(INSTRUCTIONS FOR THE TASK) From the first line to the last, print the material exactly, skipping the pictures.

(DATASET SECTION)
# # # # # # #

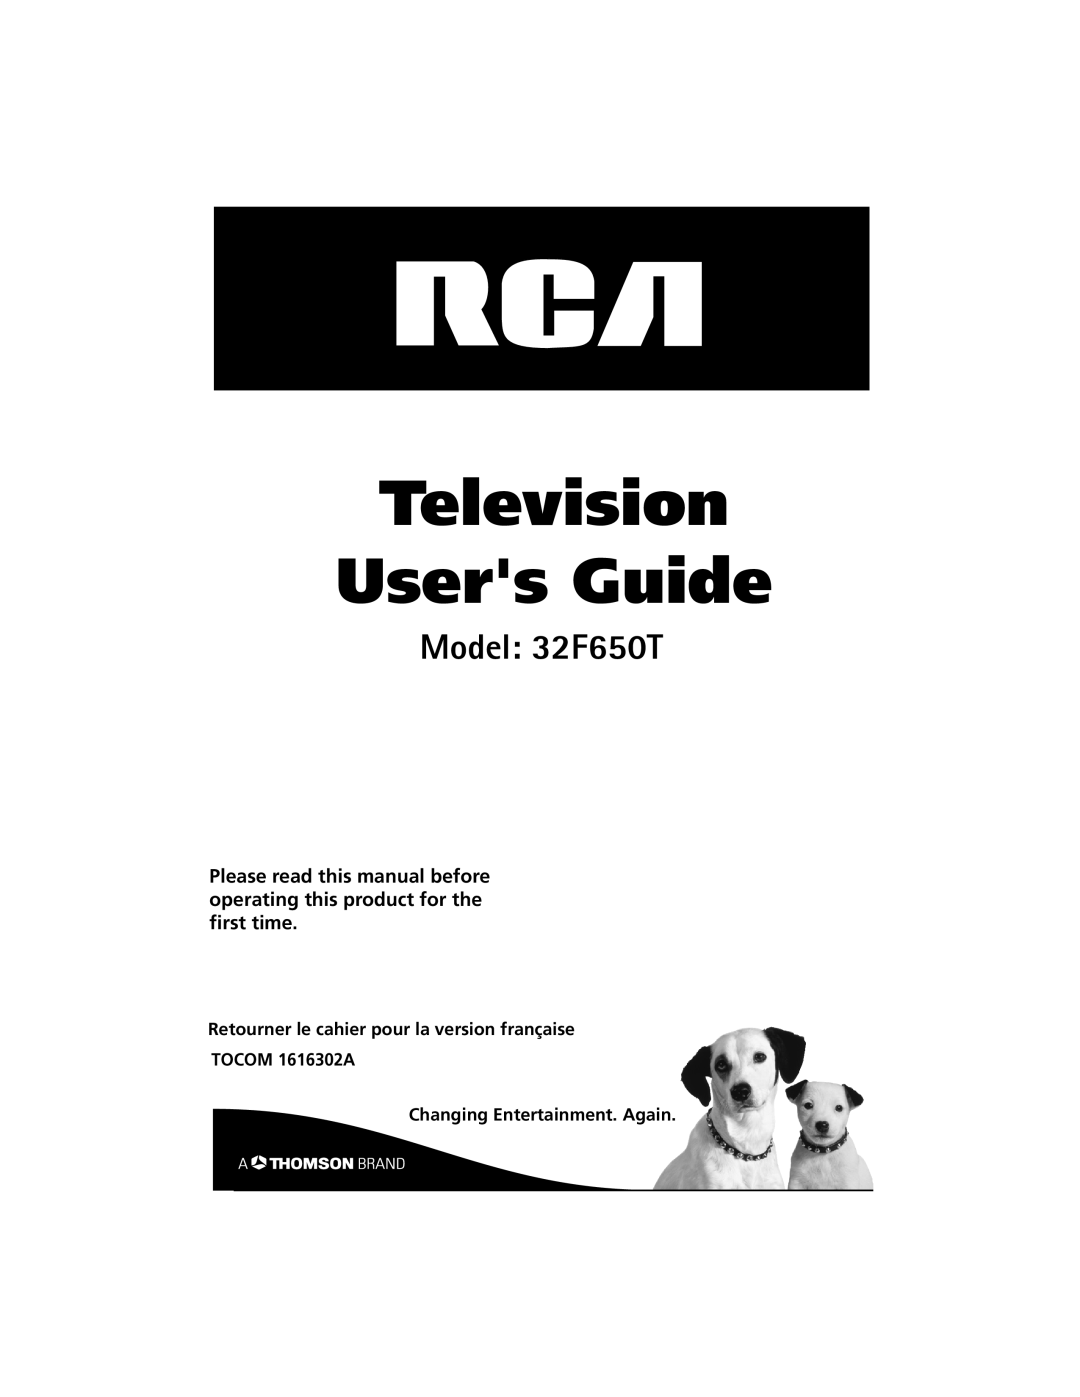 RCA manual Television Users Guide, Model 32F650T, Retourner le cahier pour la version française TOCOM 1616302A 
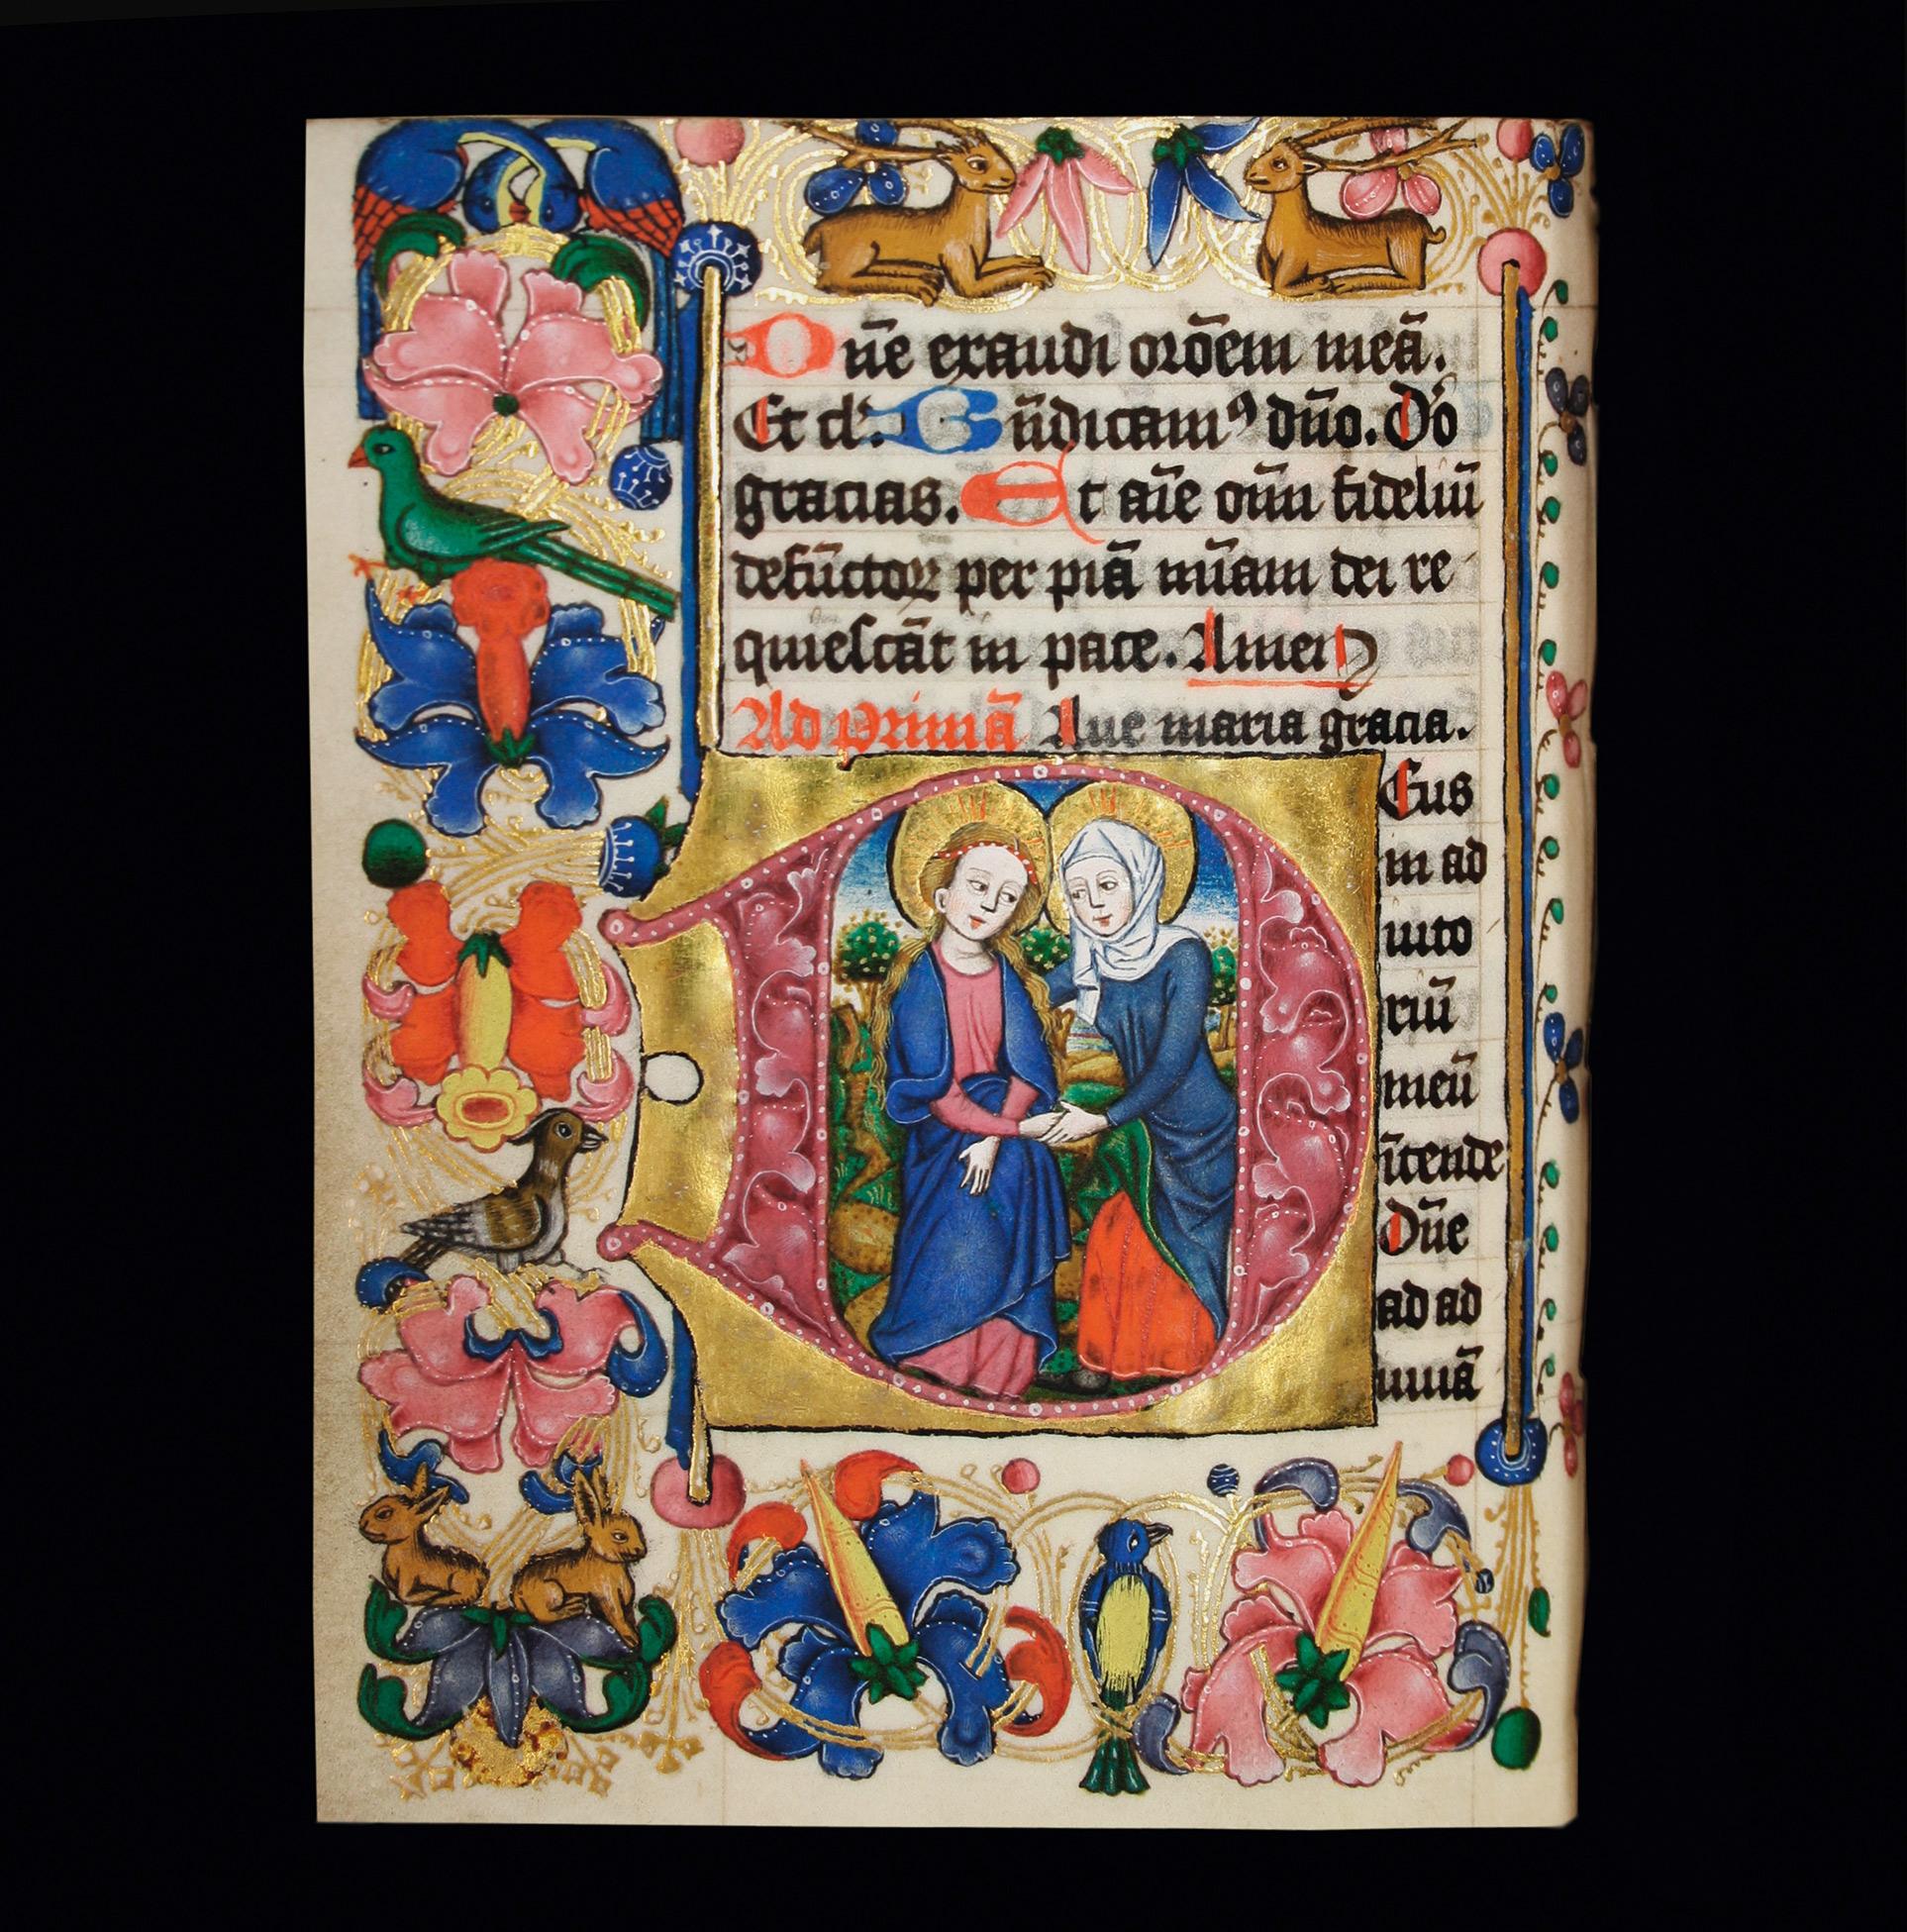 Köln, Initiale mit Maria und Elisabeth, Seite aus einem Stundenbuch, um 1480.
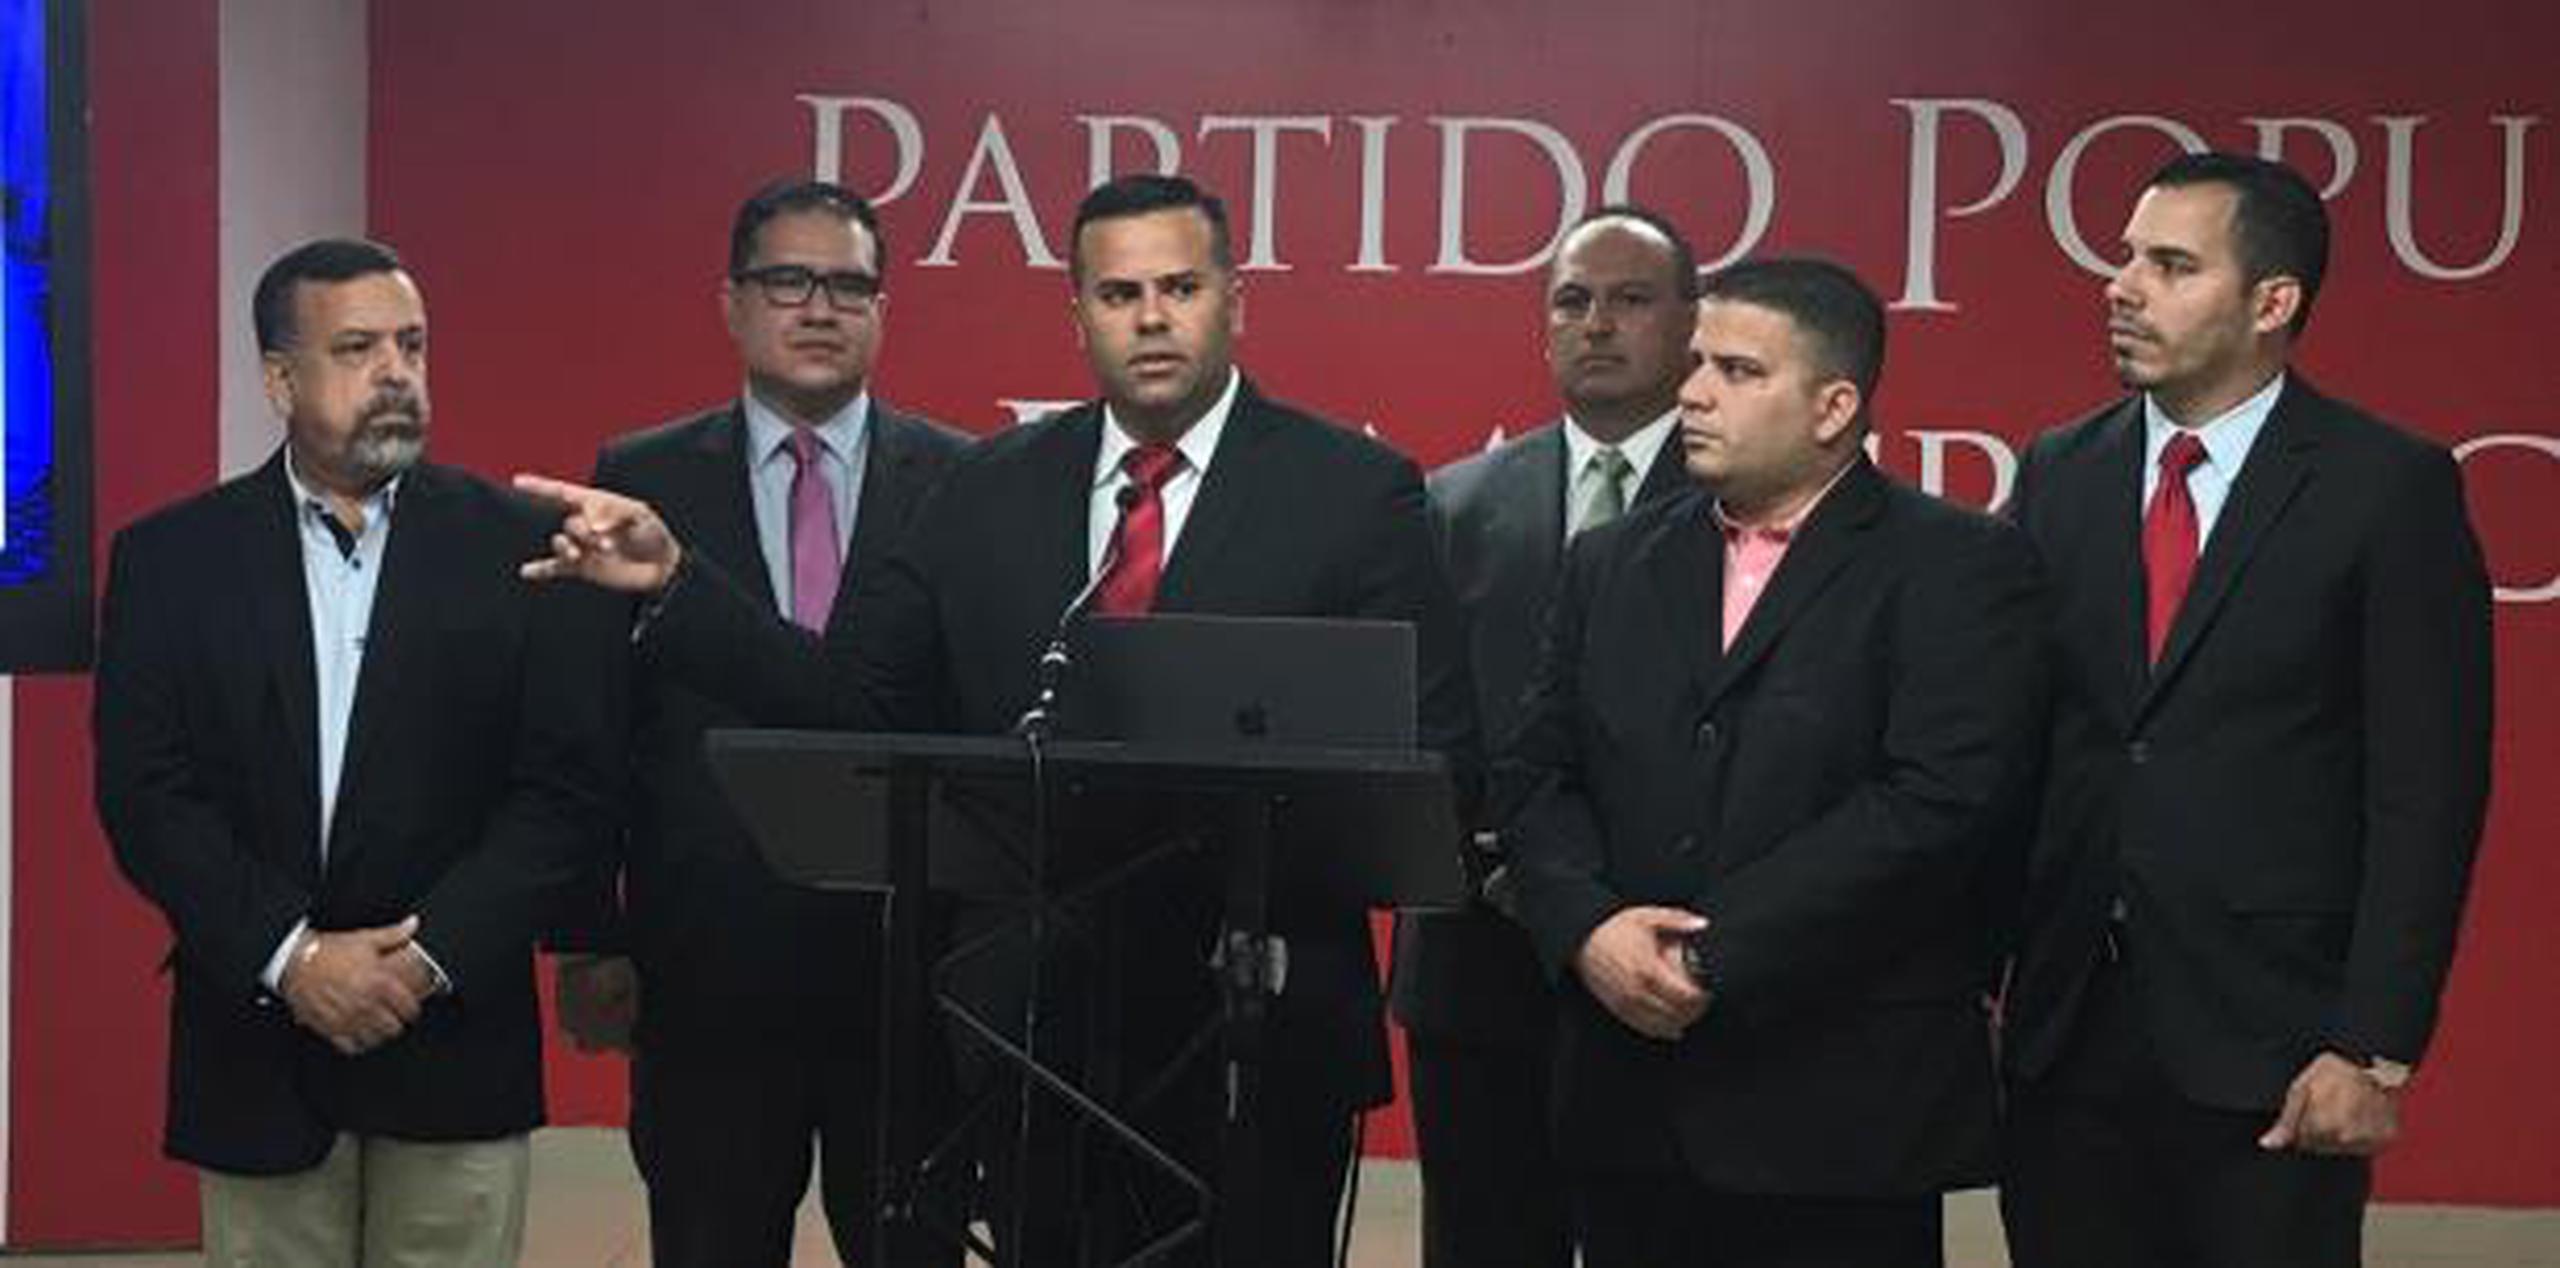 Cruz Burgos, al centro, tiene una multa de $3,000 de la Oficina del Contralor Electoral, según el liderato de la Palma. (suministrada)

# # # # # # #

(TASK RESPONSE)
 RCA manual Television Users Guide, Model 32F650T, Retourner le cahier pour la version française TOCOM 1616302A 
 Köln, Initiale mit Maria und Elisabeth, Seite aus einem Stundenbuch, um 1480.
 Cruz Burgos, al centro, tiene una multa de $3,000 de la Oficina del Contralor Electoral, según el liderato de la Palma. (suministrada)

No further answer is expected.